Under normal circumstances, a read works like this:
Sounds good? Well it is, and in most cases this is exactly what we want. However, there is an additional method: Direct IO. What it does can be summed up in one sentence: DirectIO bypasses the OS page cache layer.
But let us take a look at more detail: The good part is that it skips the overhead and scalability limitations. The bad part is that it skips the services that layer provides. The obvious thing is the extra cache it provides. That can somewhat be worked around by increasing shared buffers, but the OS is able to dynamically trade cache space for backend allocated memory. Shared buffers must be allocated pessimistically.
Then, there is OS readahead. Version 18 has ReadStream, which can use async IO to do readahead, and which has been implemented for sequential scans, bitmap scans and VACUUM. But not for normal index scans. Currently, if an index range scan happens to read data sequentially (index order approximately matches table order) then there is a major performance difference as page cache readahead would do prefetching, but direct IO only submits each read as it is needed.

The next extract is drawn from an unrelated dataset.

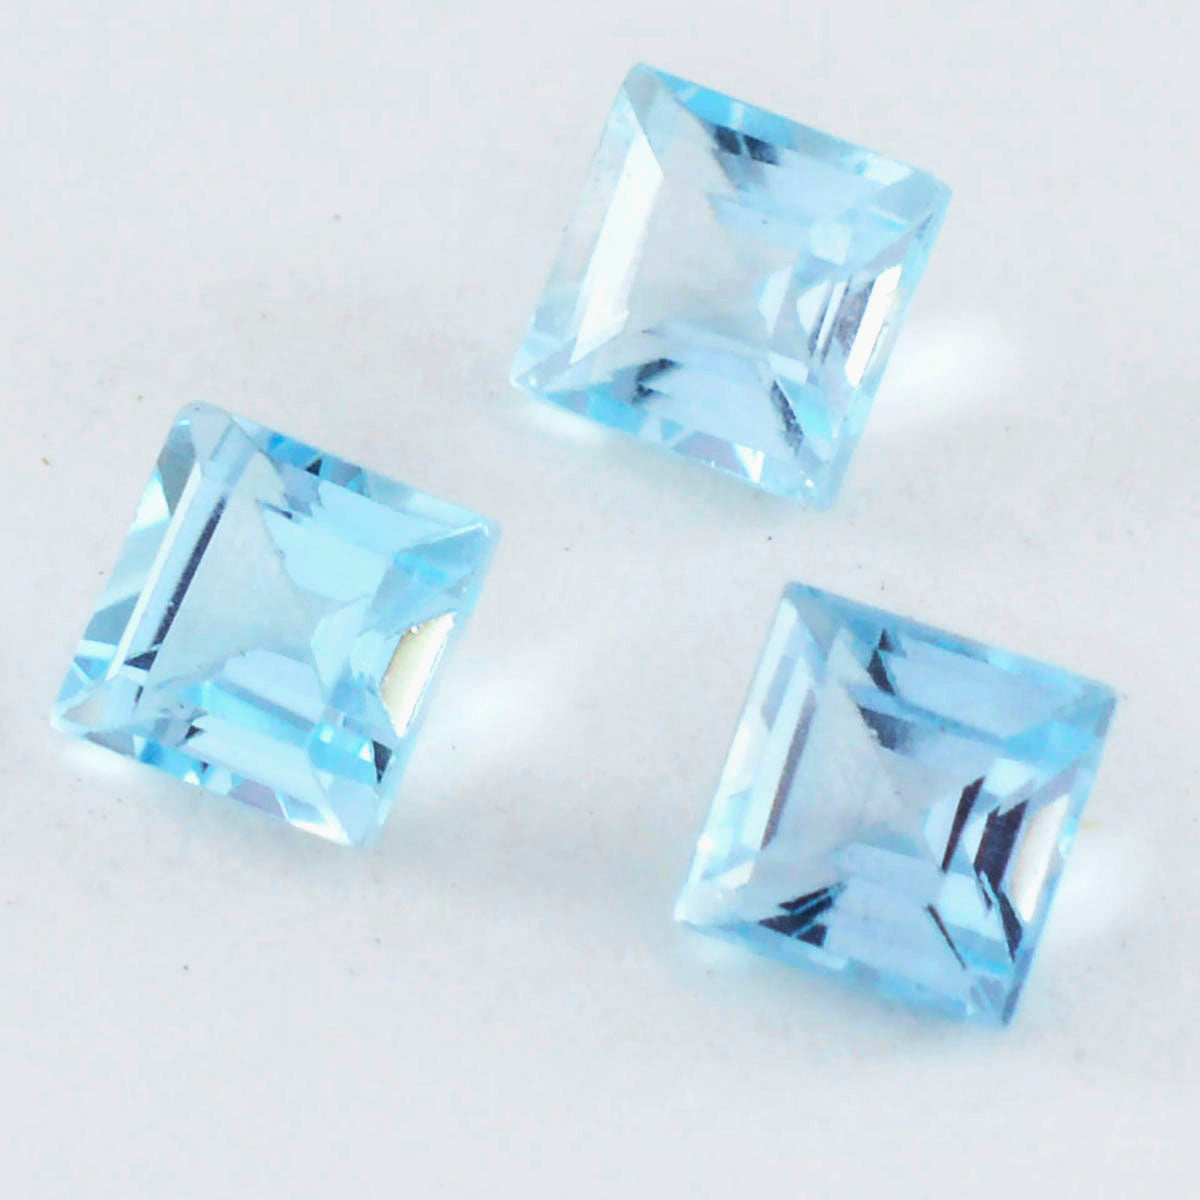 riyogems 1шт натуральный голубой топаз ограненный 13x13 мм квадратной формы драгоценные камни отличного качества

Finally, page cache does write buffering, allowing many writes to be in flight at the same time. Async IO doesn't support writes yet.
Before we dive into the benchmark and the greatness of Direct I/O: There is no full implementation of this in PostgreSQL and there won’t be for many years to come - However, what there is, is a DEBUG (!) feature that uses direct I/O. Please DO NOT use this in production. Keep in mind: Even if you have faith in our blog and our expertise here at CYBERTEC, this is not advice to use Direct I/O in PostgreSQL at this stage, just a test to show what will be possible in the future and what potential there is.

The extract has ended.